Little surprise, though, considering what Chuck Norris is like. That they think this'll actually encourage young voters to vote for Huckabee in any significant amount is kind of sad.WSJ wrote:Lone Star Kick-Starts
Huckabee Campaign
By JUNE KRONHOLZ
December 1, 2007; Page A4
It sounds like a bad TV plot: A Baptist minister and Texas tough guy team up to take over Iowa. But as Republican Mike Huckabee, the minister, continues to gain popularity in the Iowa caucuses, his endorsement by Chuck Norris, the tough guy, seems like yet another stroke of good luck.
Mr. Norris's popularity, especially among young males, is fueled by a Web site devoted to exaggerated accounts of his exploits. Chuck Norris doesn't wear a watch, by those accounts; he decides what time it is.
Mr. Huckabee is planning to keep that heroic aura close in the days leading up to the Jan. 3 Iowa caucuses, as polls show him neck and neck with rival Republican presidential candidate Mitt Romney, who had been in the lead for some time.
In an interview, the actor said he'll campaign for the former Arkansas governor in Iowa on Jan. 1 and 2, and perhaps more. "I'll do whatever they want me to do," he said, in an explanation that would make Chuck Norris fans grimace.
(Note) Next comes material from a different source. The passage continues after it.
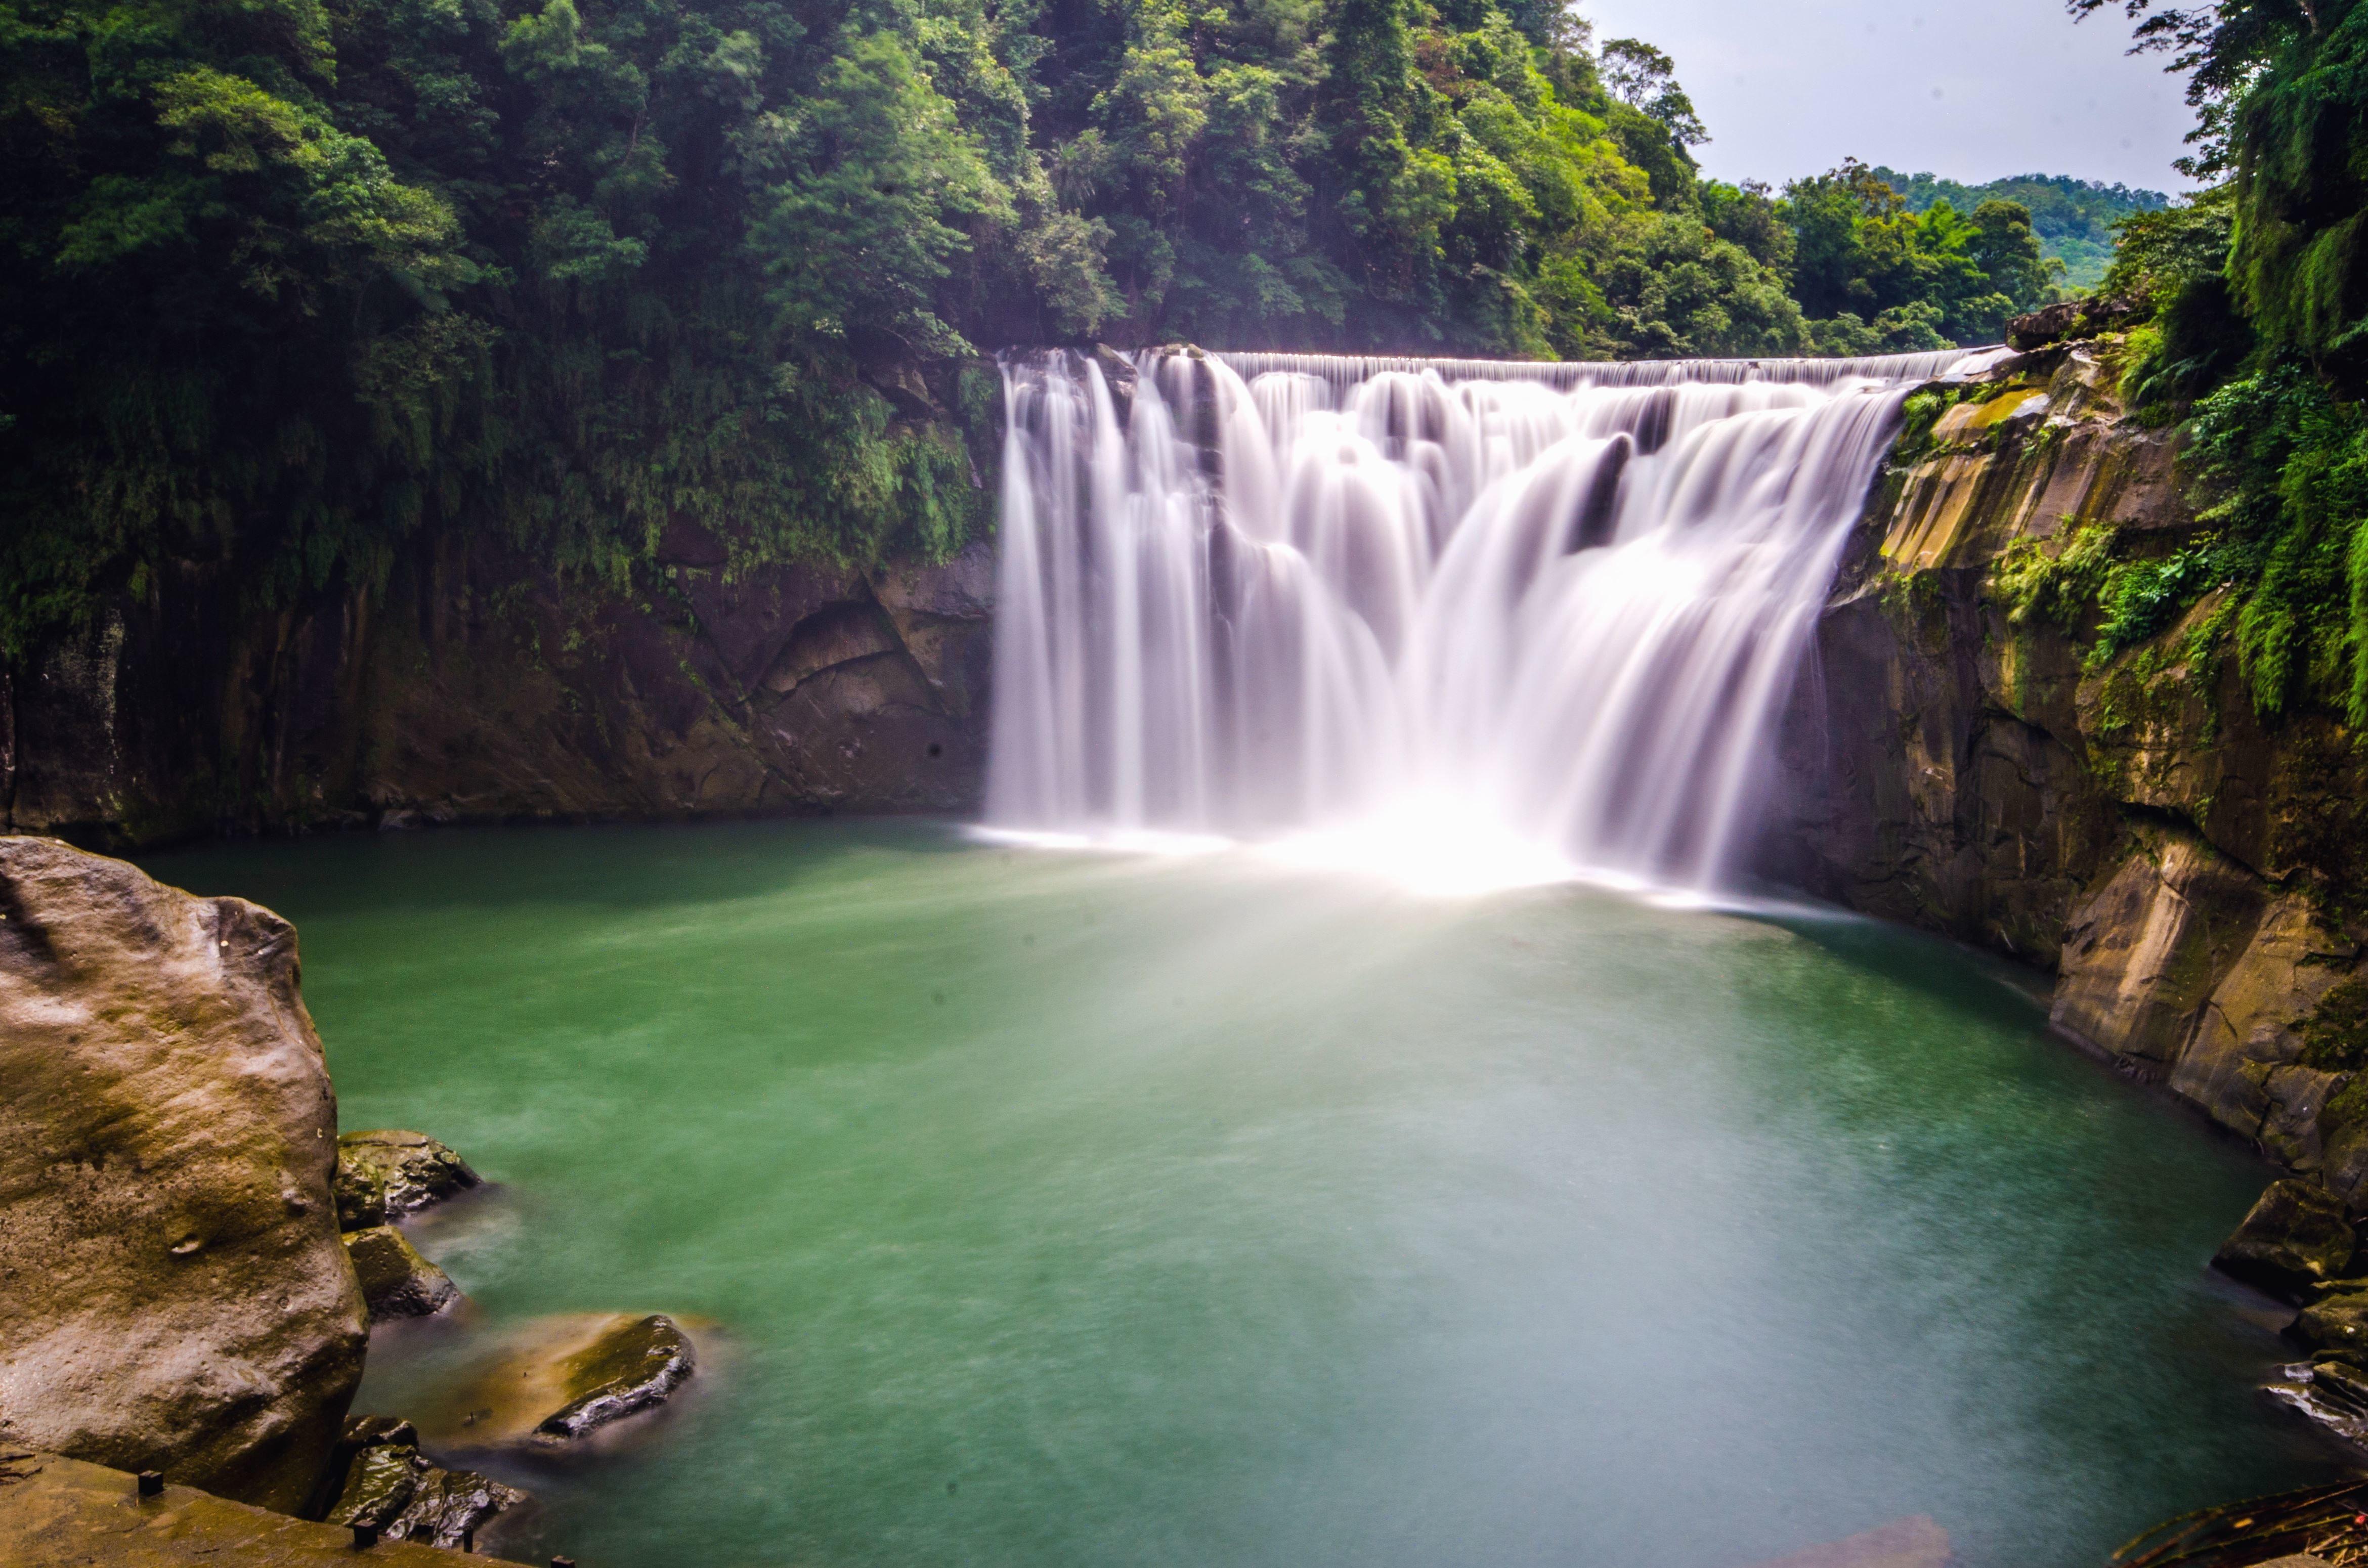 Falls Wallpaper Waterfall Image Libre Falaises Eau Rivi 232 Re Cascade Nature Ciel
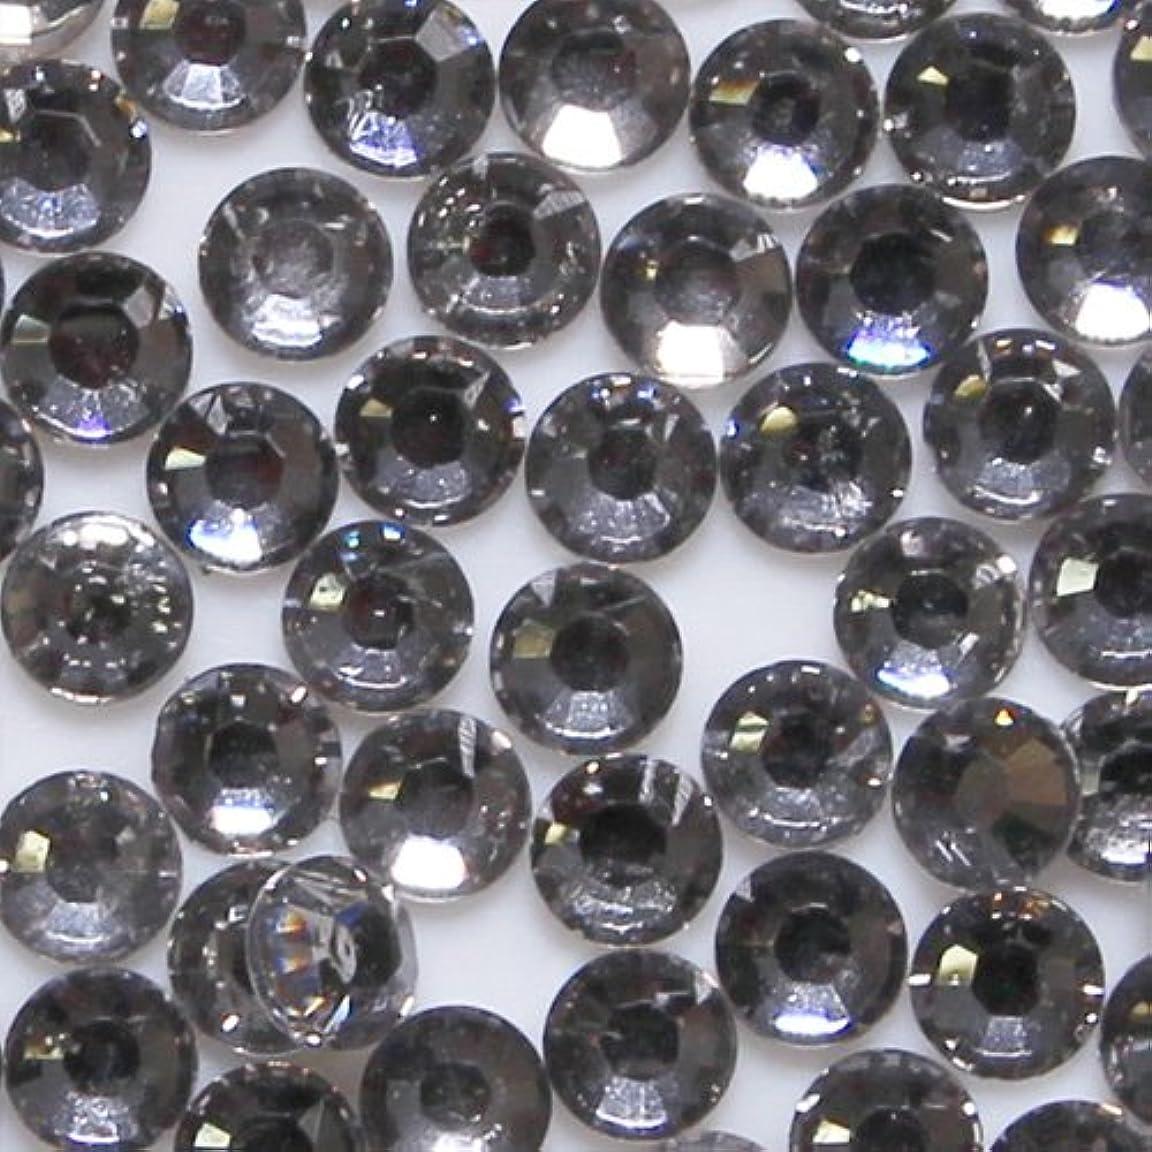 追い払う教育伝統高品質 アクリルストーン ラインストーン ラウンドフラット 約1000粒入り 4mm ブラックダイヤモンド

That's because, in Norris lore, Chuck Norris does whatever he wants to do.
The odd alliance of Mr. Norris, whose film persona mows down enemies with roundhouse kicks, and Mr. Huckabee began when Mr. Norris endorsed Mr. Huckabee in an online column last month. In a backhanded compliment, Mr. Norris opined that voters in the past have nominated leaders who are articulate and charismatic, and might now consider choosing Mr. Huckabee.
Undeterred, the Huckabee campaign quickly showed up at Mr. Norris's Texas ranch where the two men met for the first time, filmed an endorsement video that has racked up about 1.5 million views on YouTube in a week -- and then retreated to Mr. Norris's gym for "some kicks and punches. I needed a workout anyway," said Mr. Norris.
Mr. Huckabee warned viewers in the ad that "Chuck Norris doesn't endorse. He tells America how it's gonna be." Mr. Norris played the straight man, calling Mr. Huckabee a "principled authentic conservative." He added it was his idea to end the ad with a close-up of his fist and a screen reading "Chuck Norris Approved," which he calls "part of my brand extension."
Political pros say that most celebrity endorsements are overrated. Still, the buzz created when, for example, Oprah Winfrey announces she is endorsing Barack Obama can "give you control of the news cycle for a couple of days," says John Geer, a professor at Vanderbilt University in Tennessee.
An endorsement can help with some constituencies, he adds -- in Mr. Norris's case with young men, who generally don't take part in the caucuses. The Huckabee campaign also could use Mr. Norris to help toughen the image of Mr. Huckabee, who has drawn criticism from his Republican opponents that he isn't tough enough. "He's a man with a good heart, but he's tough," said Mr. Norris, who shares Mr. Huckabee's conservative Christian faith.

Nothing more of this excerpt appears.